Regardless of which data are assimilated, site-specific characteristics also introduce additional variability into the form of the relationship between effective complexity and skill (Fig. 7). To better understand and isolate site-specific dynamics, here we only interpret runs for which at least one data type is assimilated. Most sites show high-complexity performance optima, consistent with Fig. 5b. However, several are characterized by a threshold effect for which performance increases significantly once a certain effective complexity is attained and remains stagnant thereafter (e.g., a low-complexity threshold around 10 for FI-Hyy and FR-Pue). This “diminishing returns” effect suggests that the performance benefit of added structural detail has the potential to stabilize for all but the simplest models. The two tropical sites included in our analysis demonstrate additional unique dynamics. GF-Guy is the only site for which the performance of the most complex models appears to slightly degrade, even when all observations including NEE are assimilated, and no threshold is apparent at AU-How. Overall, the site analysis demonstrates the large variability in model performance across space, including between sites sharing biome classifications (e.g., FI-Hyy and FR-LBr) or broadly similar climate types (e.g., GF-Guy and AU-How).
We defined a concept of effective complexity that is linked to model structure and number of parameters as well as to the information content of calibration data (Fig. 4). This metric can inform future studies seeking to investigate the role of model complexity by providing a simple and comparable quantification of parameter posteriors. Conventional complexity measures (e.g., counts of observable model attributes) can serve as reasonable approximations of the more nuanced definition specific to ensemble methods that we present here. Still, effective complexity is rarely identical to the number of model parameters: it is generally lower. Correlations between model parameters can and do occur whether the model is poorly or well-constrained (Keenan et al., 2013) and whether it is simple or complex, implying that all carbon cycle models have “constrainable” dimensions. Importantly, though, none of the high-parameter models in our experiment have so much redundancy that their average effective complexity across runs is equivalent to that of any low-parameter model (Fig. 4). Whether this is also true for large-scale TBMs remains an open question.

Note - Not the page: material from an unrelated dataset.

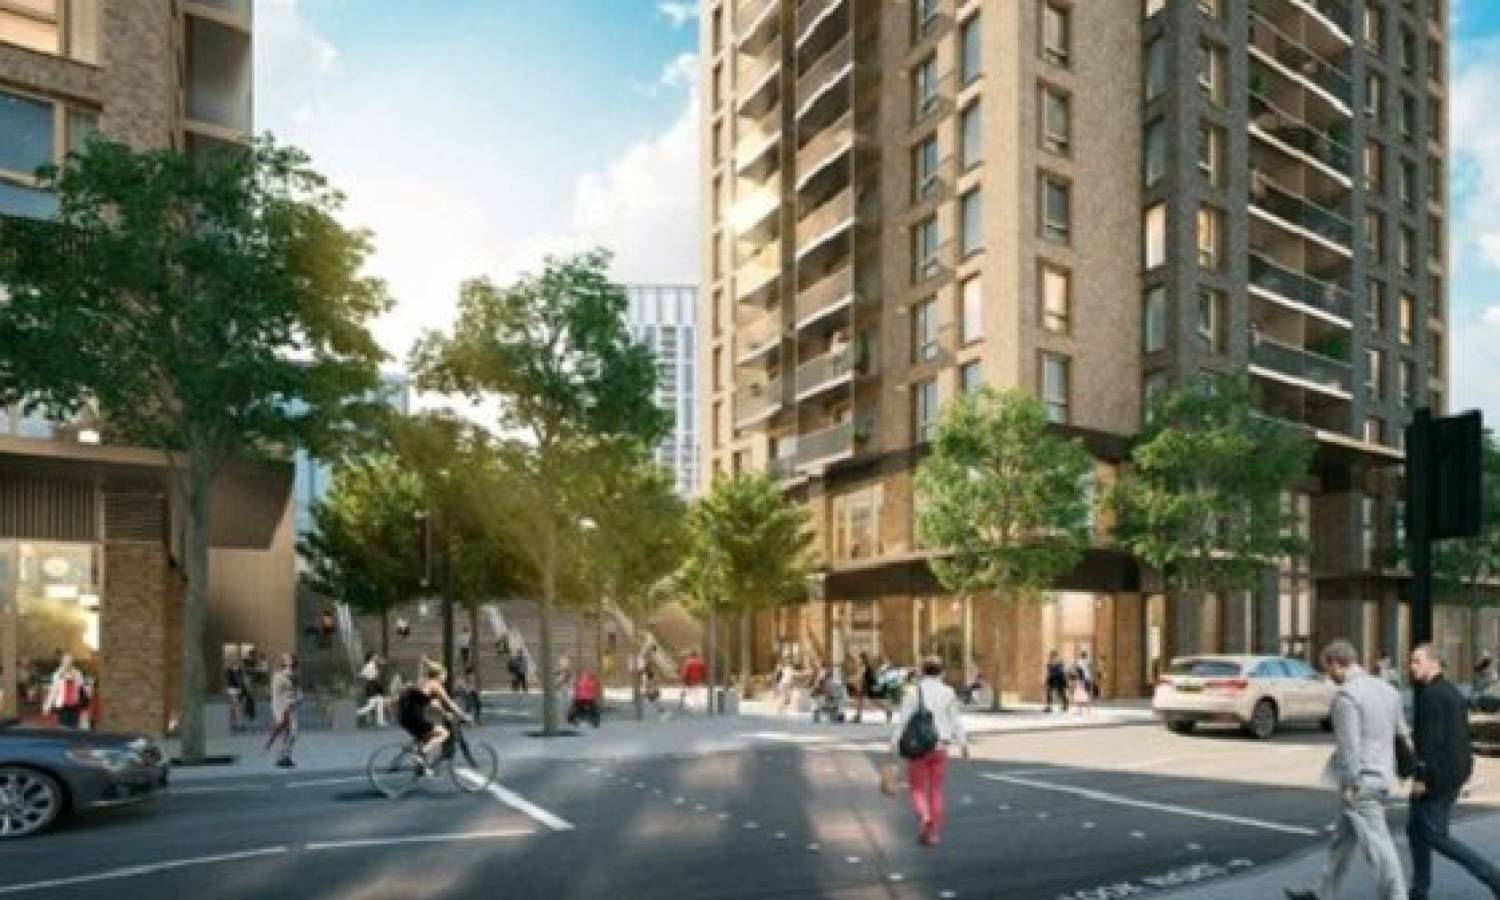 Sir Robert McAlpine starts work on Menta’s East Croydon’s regeneration
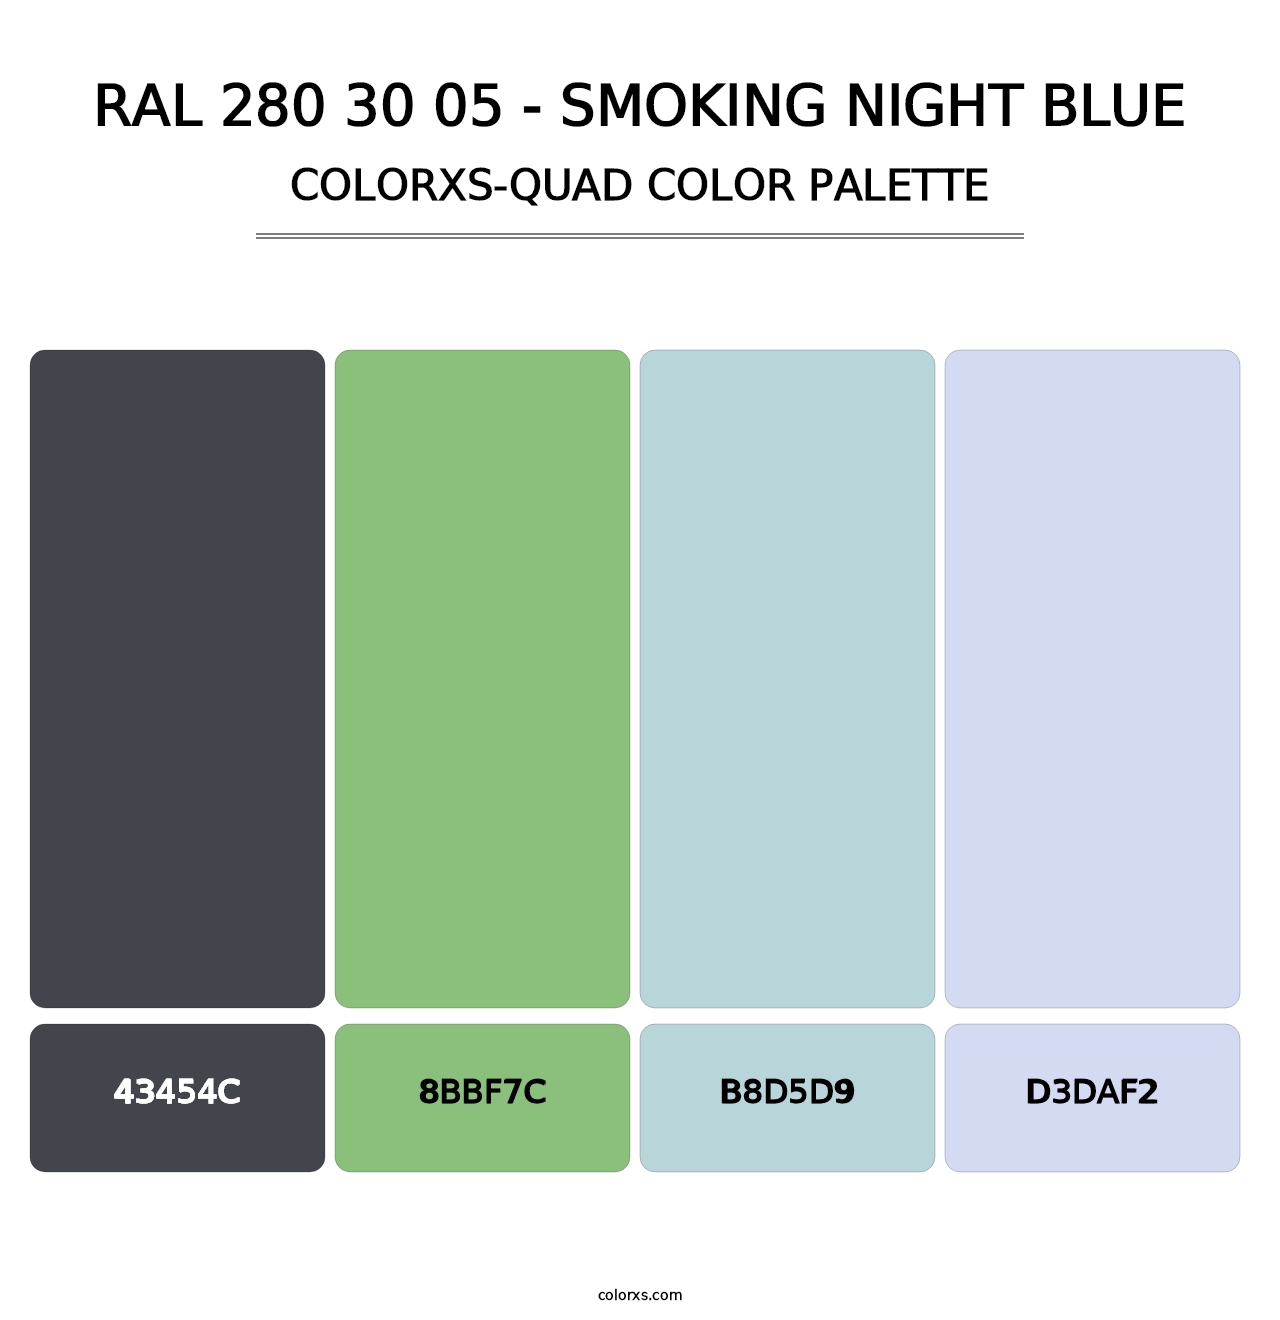 RAL 280 30 05 - Smoking Night Blue - Colorxs Quad Palette

Overall, the behavior of the effective complexity metric highlights that the best-performing analyses (i.e., runs with the highest forecast skill) in the COMPLEX maximize model structural breadth and minimize parametric uncertainty. Models built with high numbers of processes but without effective parameter constraints (i.e., runs that maximize structural breadth but do not attempt to minimize parametric uncertainty) are not sufficient to optimize performance (Fig. 5). Additionally, models of the carbon cycle can overfit if they are calibrated in too narrow a subset of conditions and underfit if they are improperly parameterized and therefore biased, as shown in Fig. 3.
Complexity–skill relationship for NEE predictions, split by site (title of each subplot). Only runs for which data were assimilated are plotted. Average forecast skill is computed using the histogram intersection metric.
The main factors controlling the observed complexity–skill relationship are
(a) whether, and which, data are assimilated into the model and (b) the geographical
location at which the analysis is undertaken. One way to interpret the role
of data in the relationship is explicit: models with the ability to
assimilate monthly observations of NEE, which uniquely represent the
integrated behavior of terrestrial carbon cycling and its internal dynamics,
are more likely to experience gains in skill with increased complexity than
those that cannot. This result is consistent with the prominent role of NEE
observations in reducing model projection uncertainty identified by
Keenan et al. (2013). The effects of LAI and biomass observations in COMPLEX are
somewhat more nuanced. All models in the DALEC suite are able to extract
information from the LAI data and produce reasonably skilled NEE predictions
(Fig. 6e), though such data do not improve the skill of complex models over simple ones. The
ingestion of LAI data most directly constrains specific features relating to
growth or carbon allocation, potentially informing the seasonality of NEE.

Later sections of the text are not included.